**El regalo de aniversario que cambió mi vida**
Isabel miraba su reflejo en el espejo con detenimiento. Hoy estaba especialmente hermosa: el cabello perfectamente peinado, el maquillaje impecable y unas joyas delicadas que resaltaban su elegancia. No podía ser de otra manera—hoy celebraba su aniversario de boda con Javier.
La fiesta estaba en su apogeo. Los invitados se acercaban uno tras otro para felicitar a la pareja, entregar regalos y brindar. Las risas y la música llenaban el ambiente. Isabel sonreía, pero en el fondo, sentía que algo importante estaba por ocurrir.
Cuando llegó el momento de intercambiar los regalos, Isabel tomó el micrófono:
—Bueno, cariño, ¡es nuestro turno! Espero que te guste mi sorpresa—dijo, mirándolo fijamente.

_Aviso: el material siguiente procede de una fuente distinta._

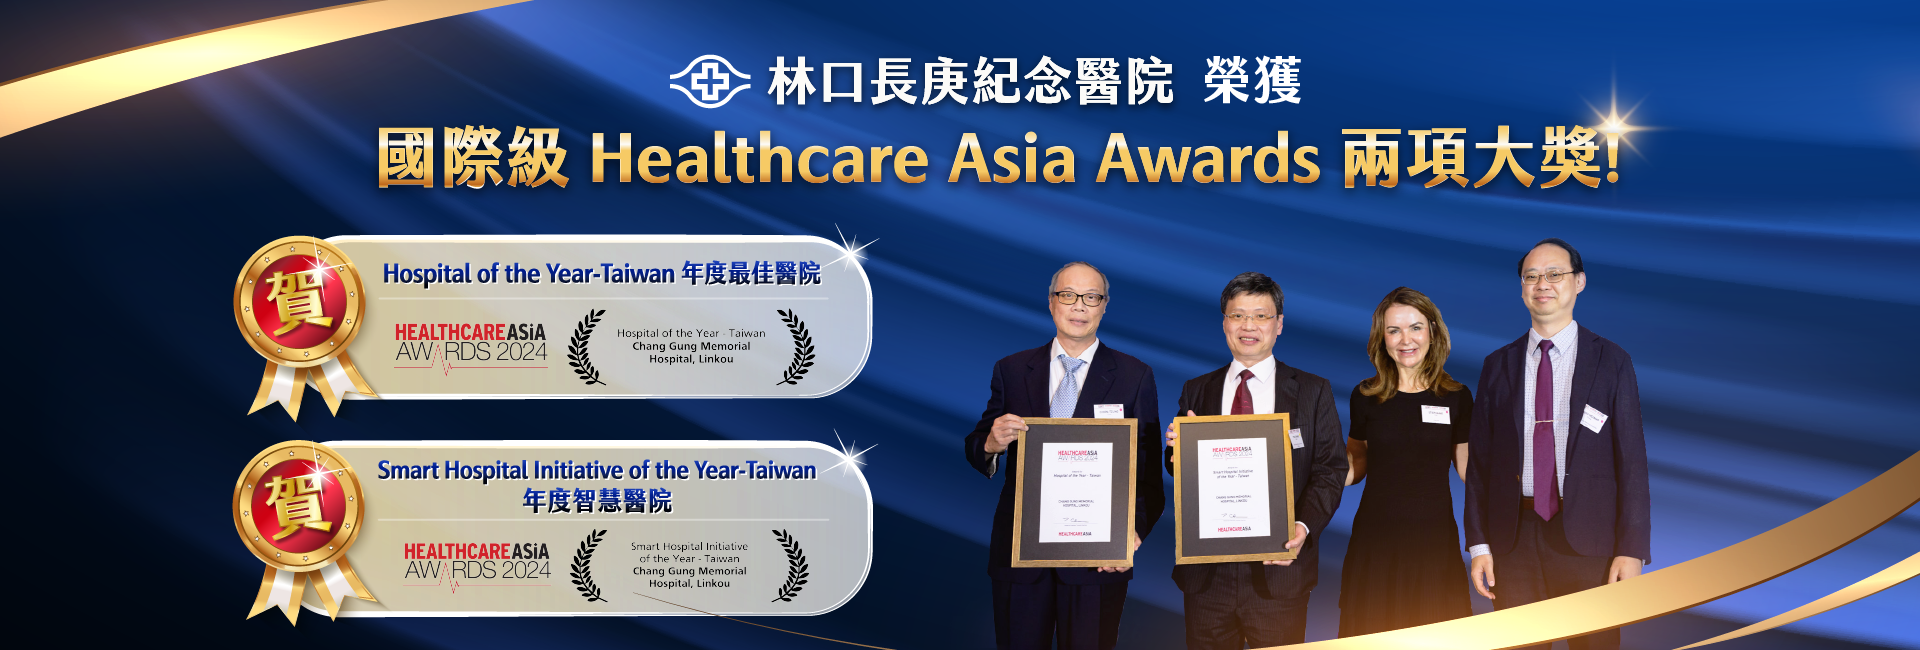 林口Healthcare Asia Awards

Las puertas del salón se abrieron y varios hombres entraron cargando una enorme caja cubierta con un paño brillante. Javier se levantó intrigado, pero cuando el paño cayó al suelo, su rostro se quedó petrificado.
Horas antes de la celebración, Isabel estaba sentada en el dormitorio revisando los mensajes del teléfono de su marido. Cada palabra le atravesaba el corazón como un cuchillo. *”Te echo de menos locamente… Cuento las horas para volver a verte”*, le escribía su amante.

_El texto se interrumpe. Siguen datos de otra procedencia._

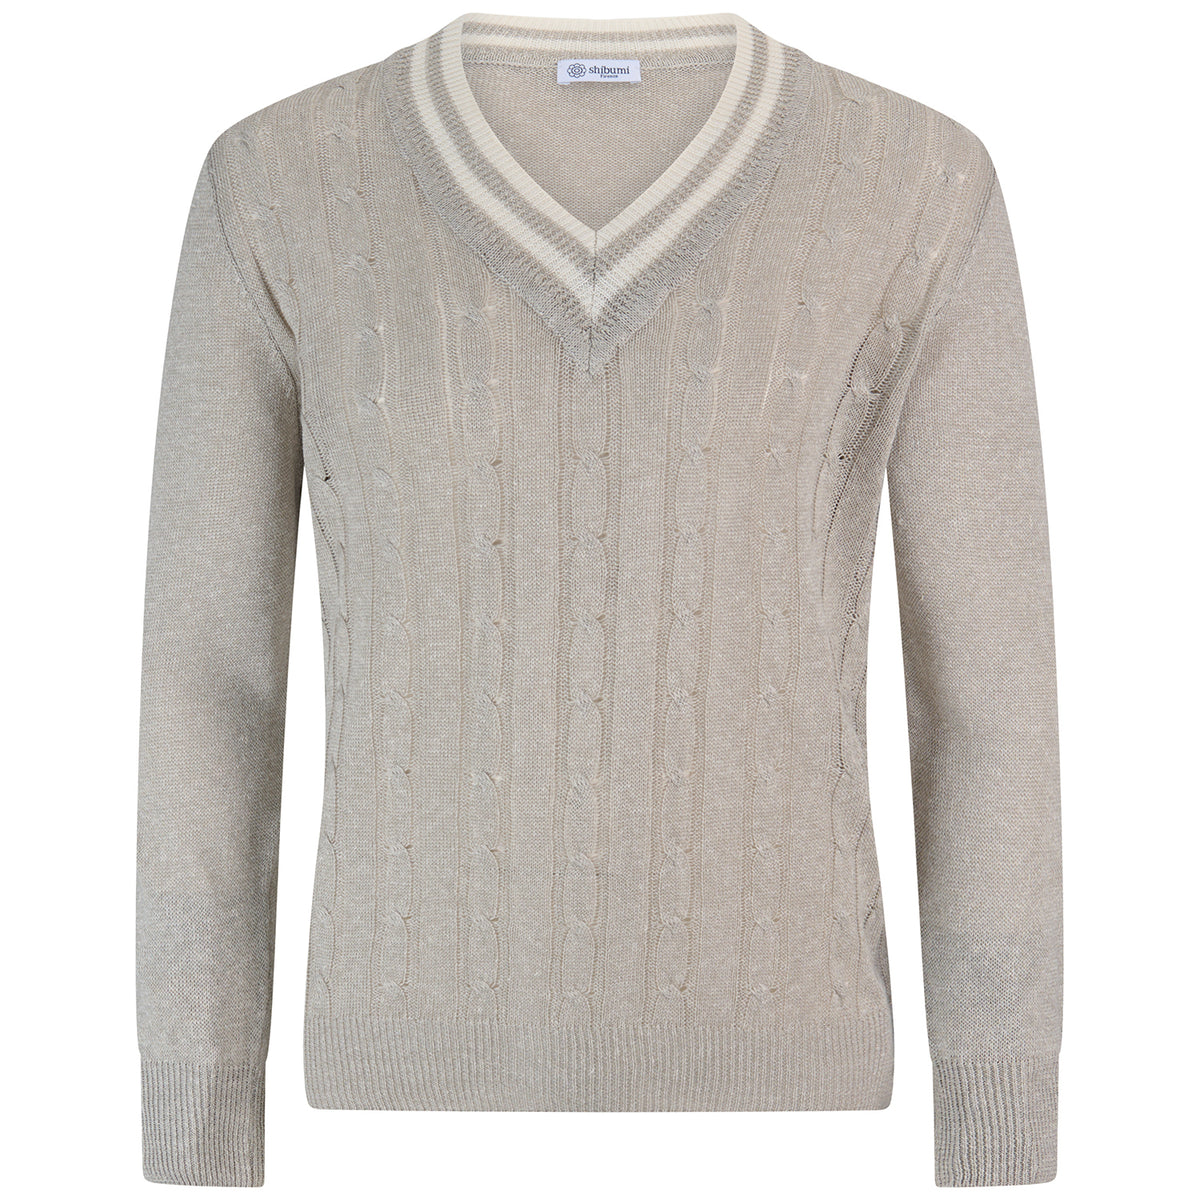 Linen / Cotton Cricket Sweater - Light Grey

Pero lo que más la golpeó no fue la infidelidad en sí. La mujer con la que Javier la engañaba era quince años mayor que él, de complexión gruesa y lejos de lo que se consideraría hermosa. Y aún así, él la prefería a ella.
Al escuchar sus pasos, Isabel borró rápidamente los mensajes y dejó el teléfono en su lugar. Javier entró en la habitación silbando una canción. Estaba de buen humor—habían dado un bono en el trabajo y ya imaginaba llevarse a *”su María”* de vacaciones. Al ver el semblante serio de su esposa, se detuvo:
—¿Algo pasa? Pareces distinta.
—Todo está bien—respondió ella con calma—. Solo pienso en nuestra celebración. Por cierto, necesito dinero para organizar la fiesta.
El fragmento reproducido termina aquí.